A General Outline of Lakota Sioux Philosophy::

This article is based on an extensive review of literature relating to Lakota Sioux philosophy and is supplemented by material gathered during the author's 12 months of interviews and field research in South Dakota between 1998 and 1999 as part of anthropological doctoral research on Lakota Sioux environmental activism at the University of Oxford.

Introduction

Within a Lakota framework, the physical world is the visible manifestation of the invisible, spiritual world. The visible landscape is saturated with symbolic representations of the invisible, awaiting discernment from an intuitive and open body and mind. Discernment is possible because all things share of the same wakan, or sacred, substance, and all things ultimately have their coalescence in a spiritual totality known as Wakantanka.
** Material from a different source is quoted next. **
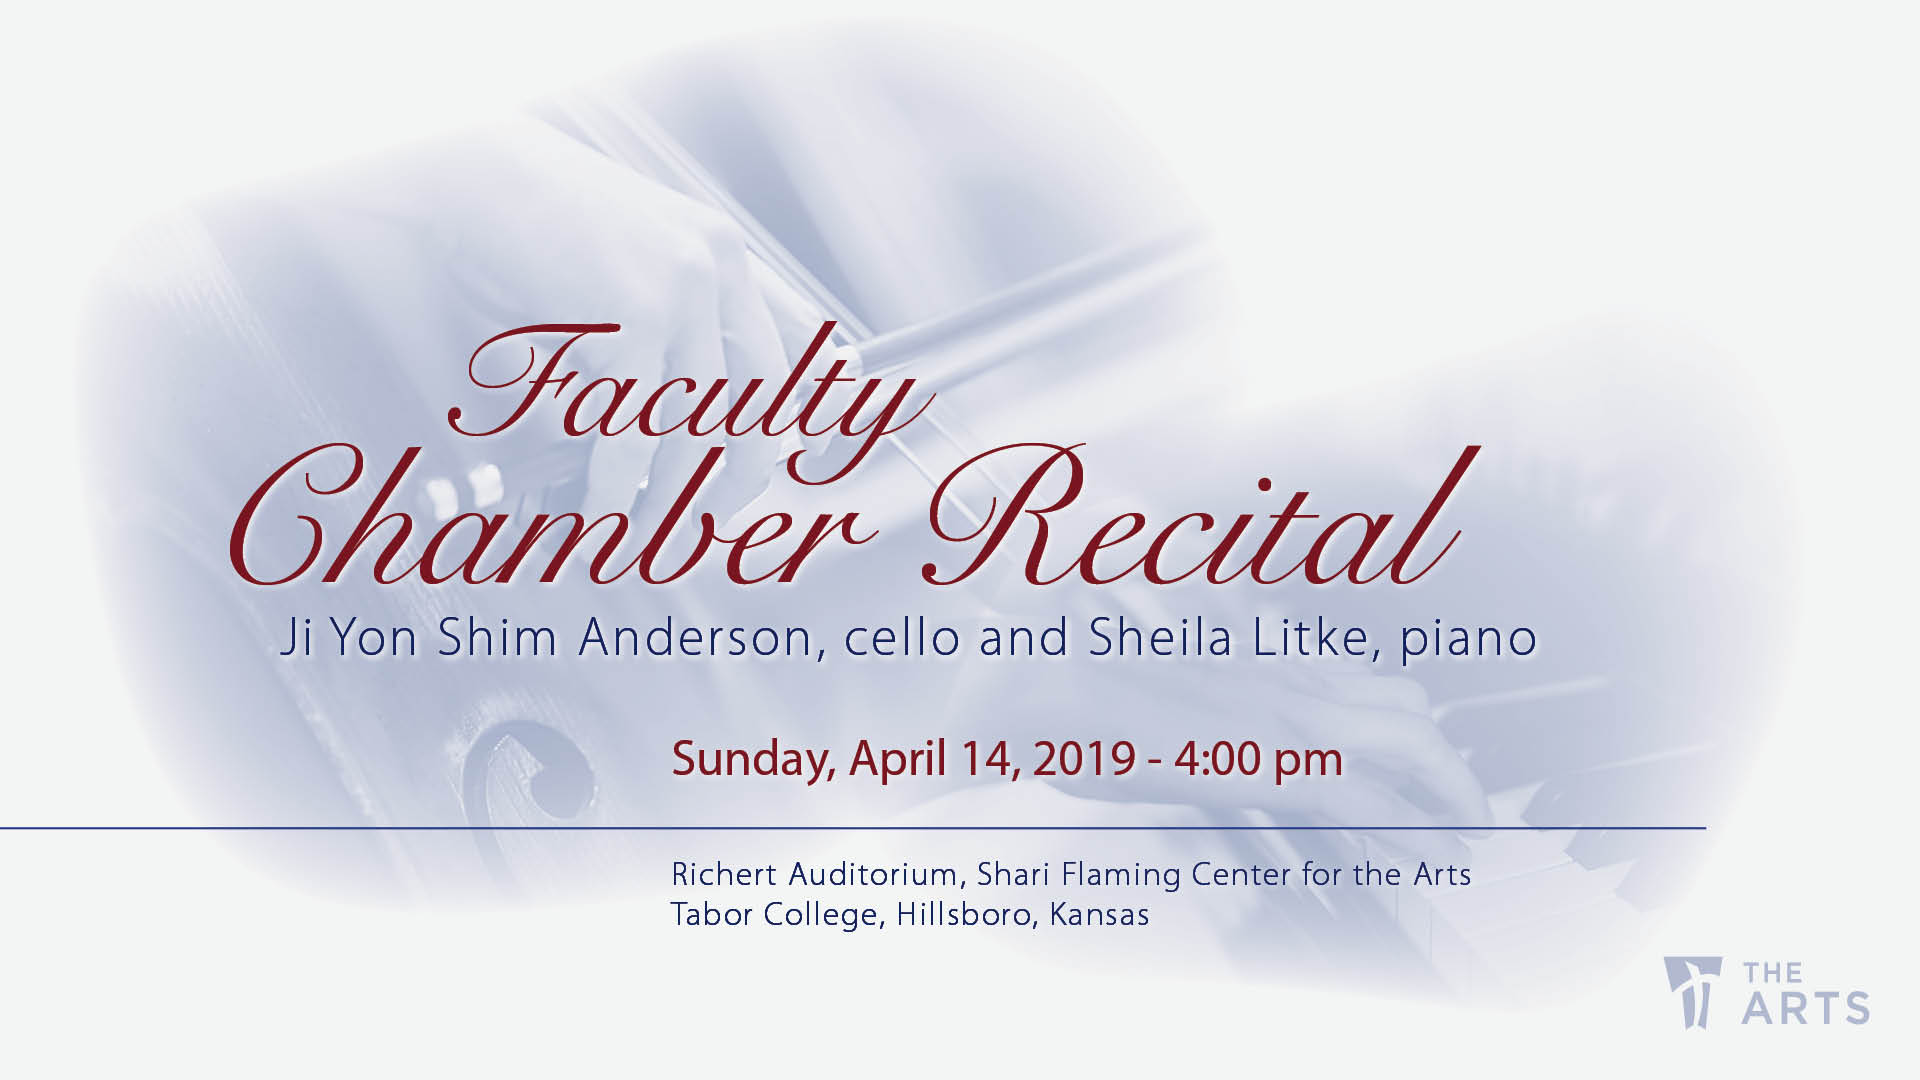 Chamber Recital concert poster

Because visible symbols speak of invisible truths, and because the Wakantanka inheres in all things, identifying symbols is imperative in the Lakota worldview. "Be open to everything you see, because Wakantanka speaks through everything," is a common refrain, even today.

This article and the ones that follow it in the Lakota Religion section presents a description of some of these symbolic representations of Wakantanka: numbers, shapes or patterns, colours, animals, plants, stones and astronomical phenomena. It also summarises the basic tenets of Lakota philosophy that still endure to the present day.